● **TASK STATEMENT**:
Below are the entries. Print only the lines starting at the one with "CITY BOY - YOUNGOHM" and ending at the one with "full movie download bajrangi bhaijan", exactly, with no pictures.

● **PROVIDED RECORDS**:
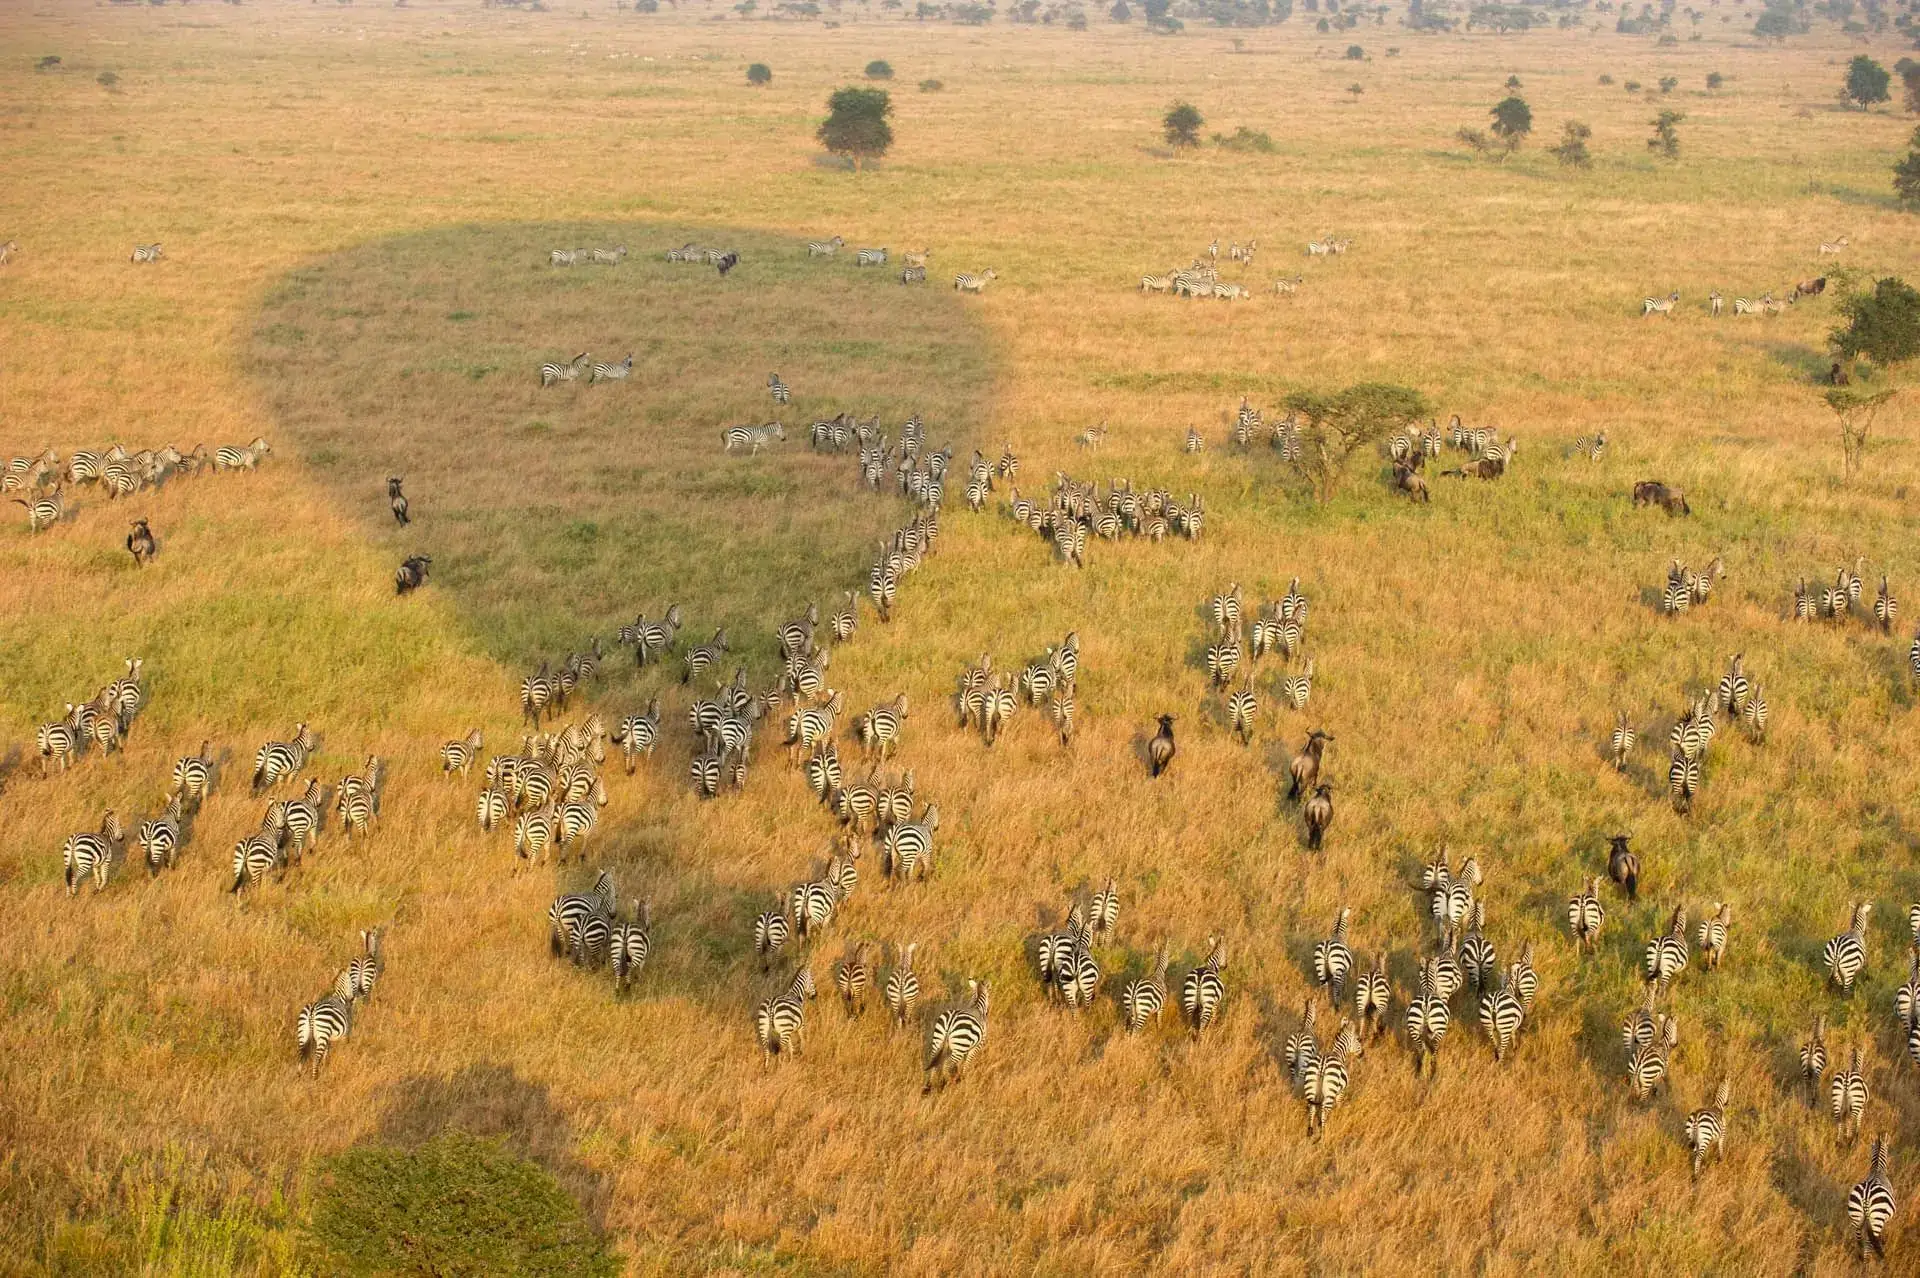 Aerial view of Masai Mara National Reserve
---
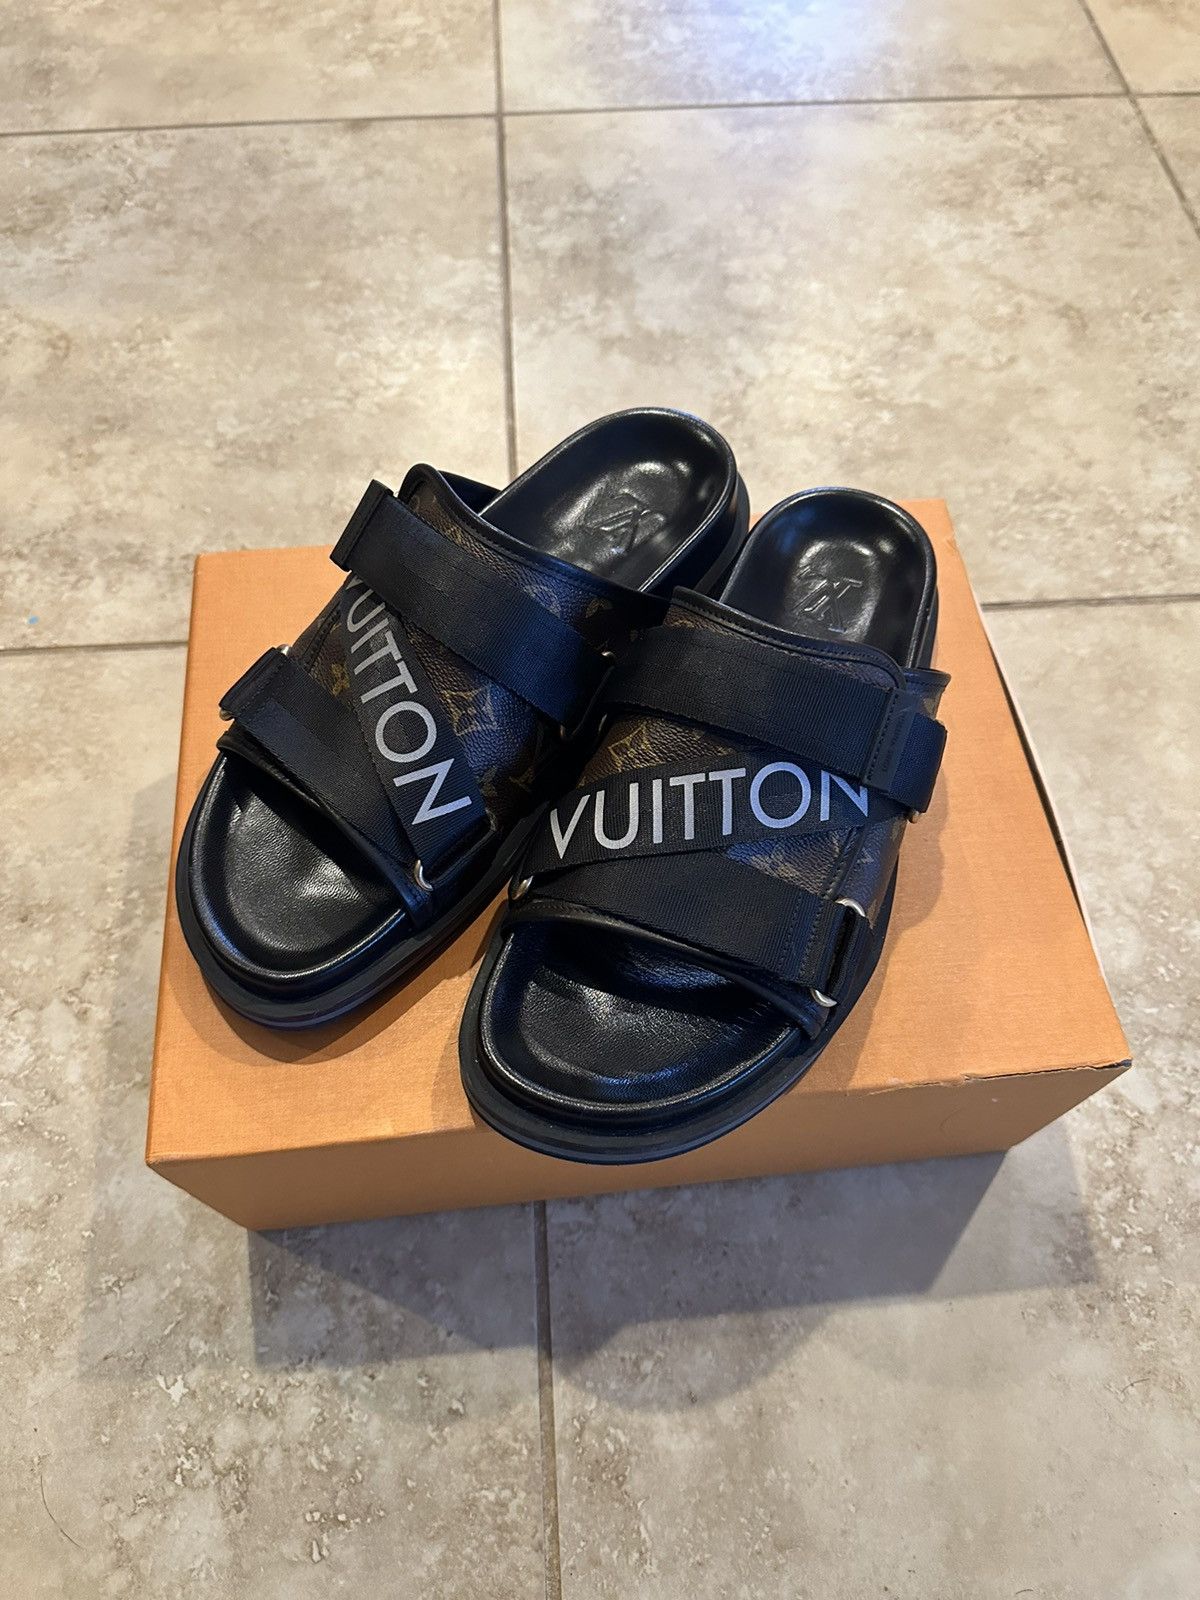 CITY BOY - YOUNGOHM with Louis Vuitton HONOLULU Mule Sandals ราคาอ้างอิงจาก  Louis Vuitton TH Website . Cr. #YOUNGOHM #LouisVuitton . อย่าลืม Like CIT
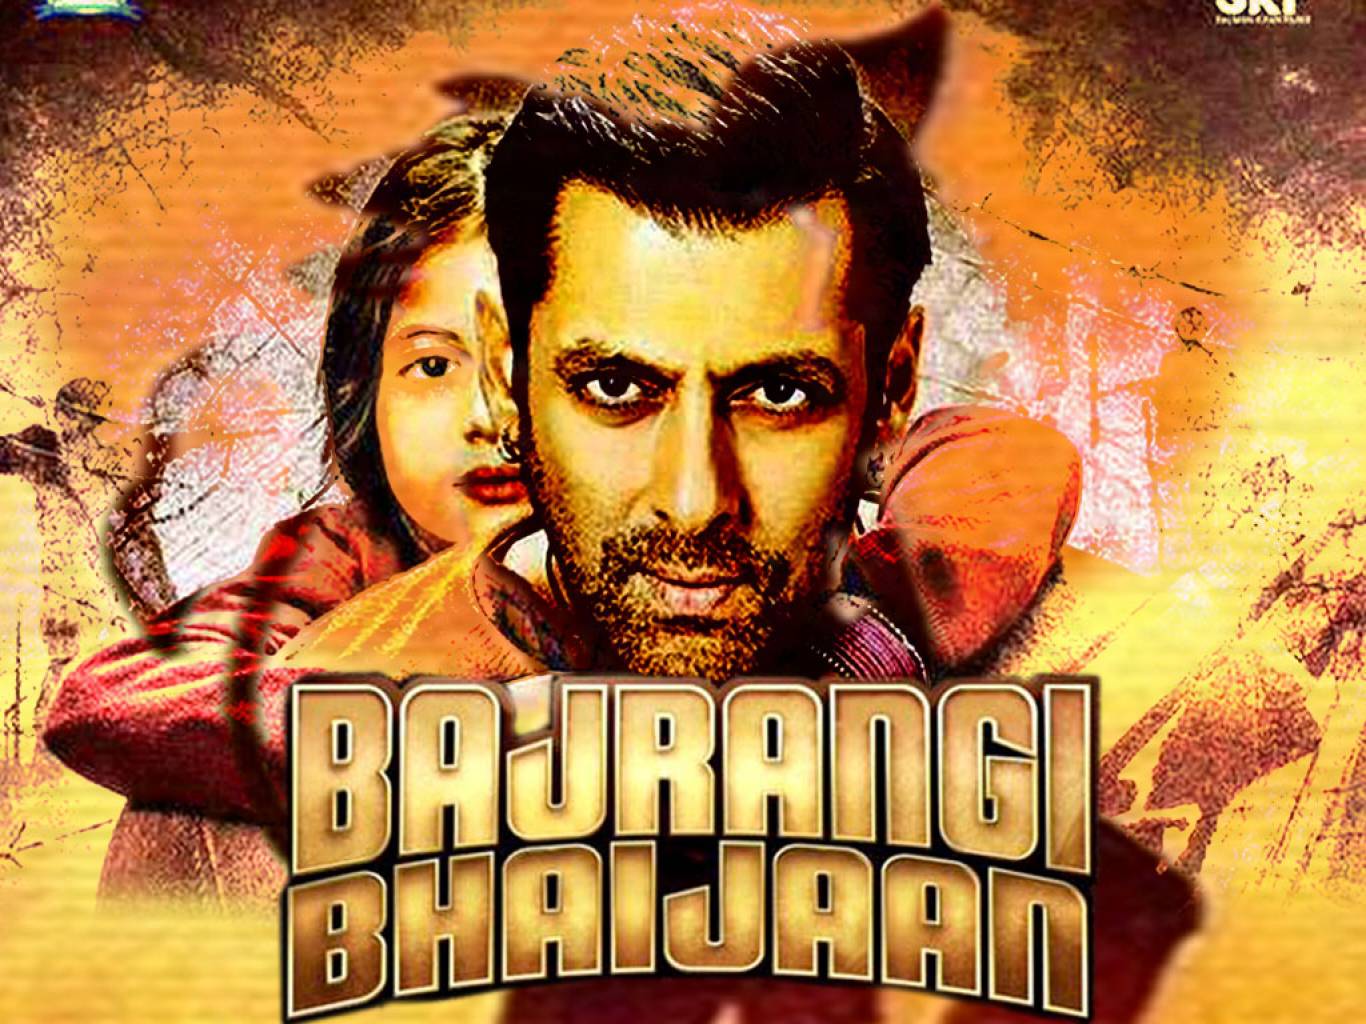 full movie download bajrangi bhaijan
---
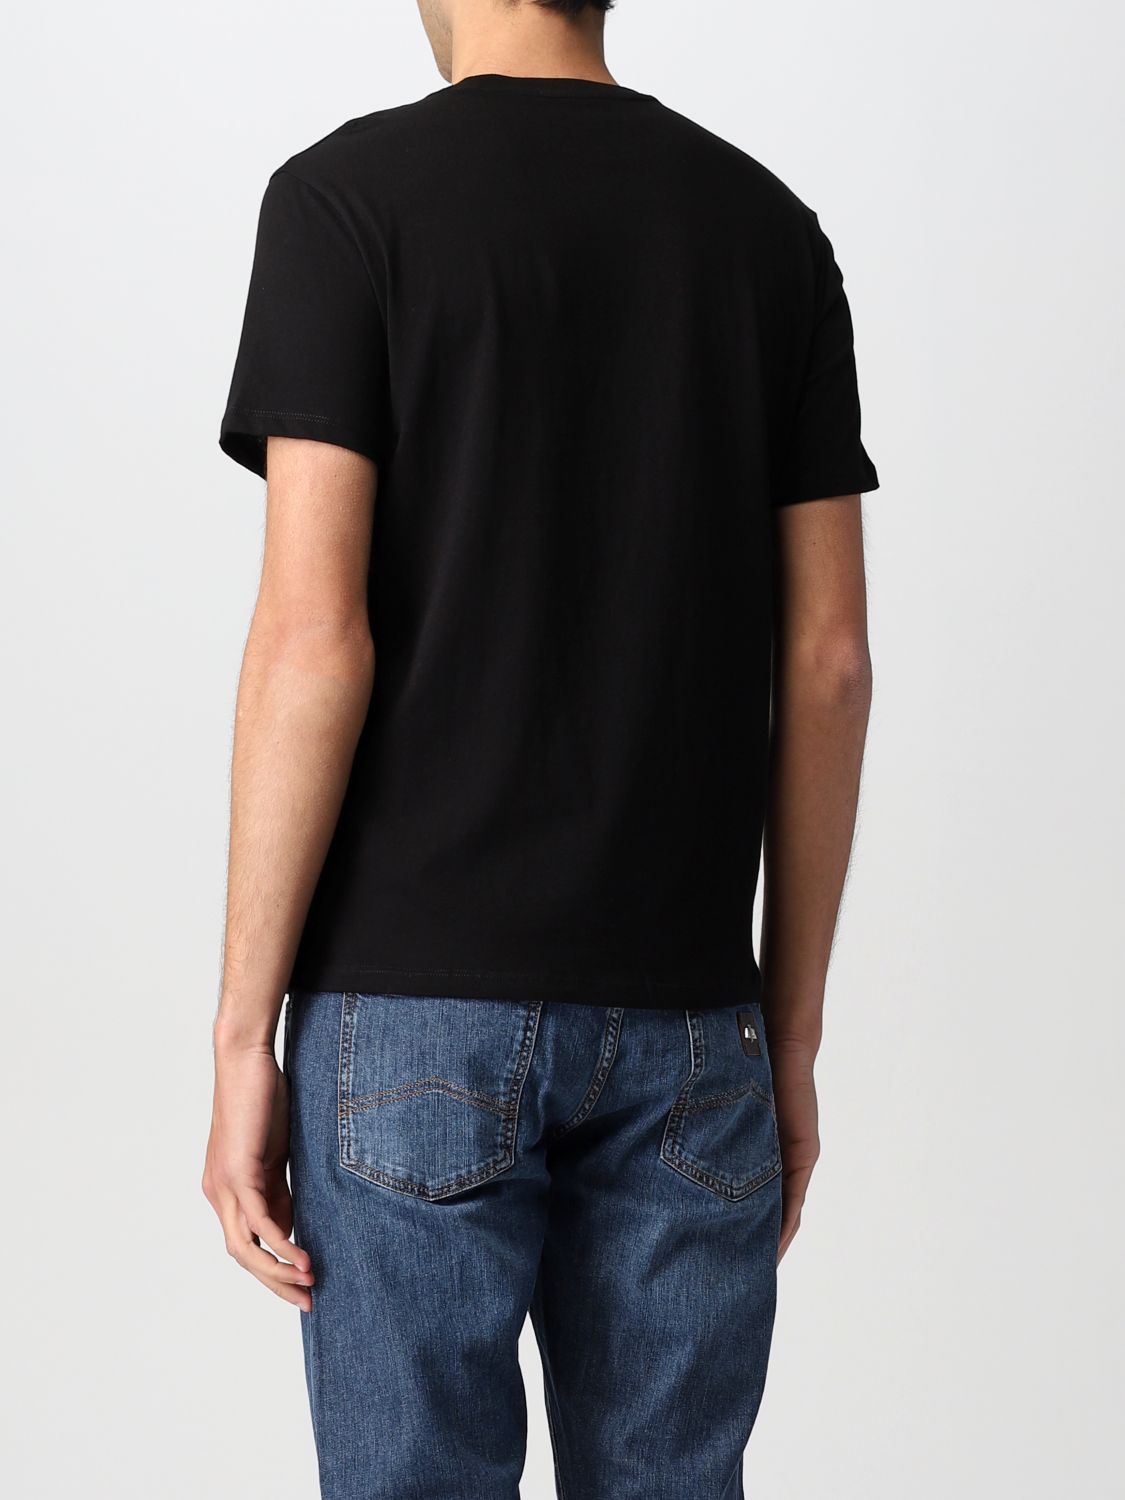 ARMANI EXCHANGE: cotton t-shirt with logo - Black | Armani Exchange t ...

● **WRITTEN REPLY**:
 CITY BOY - YOUNGOHM with Louis Vuitton HONOLULU Mule Sandals ราคาอ้างอิงจาก  Louis Vuitton TH Website . Cr. #YOUNGOHM #LouisVuitton . อย่าลืม Like CIT
 full movie download bajrangi bhaijan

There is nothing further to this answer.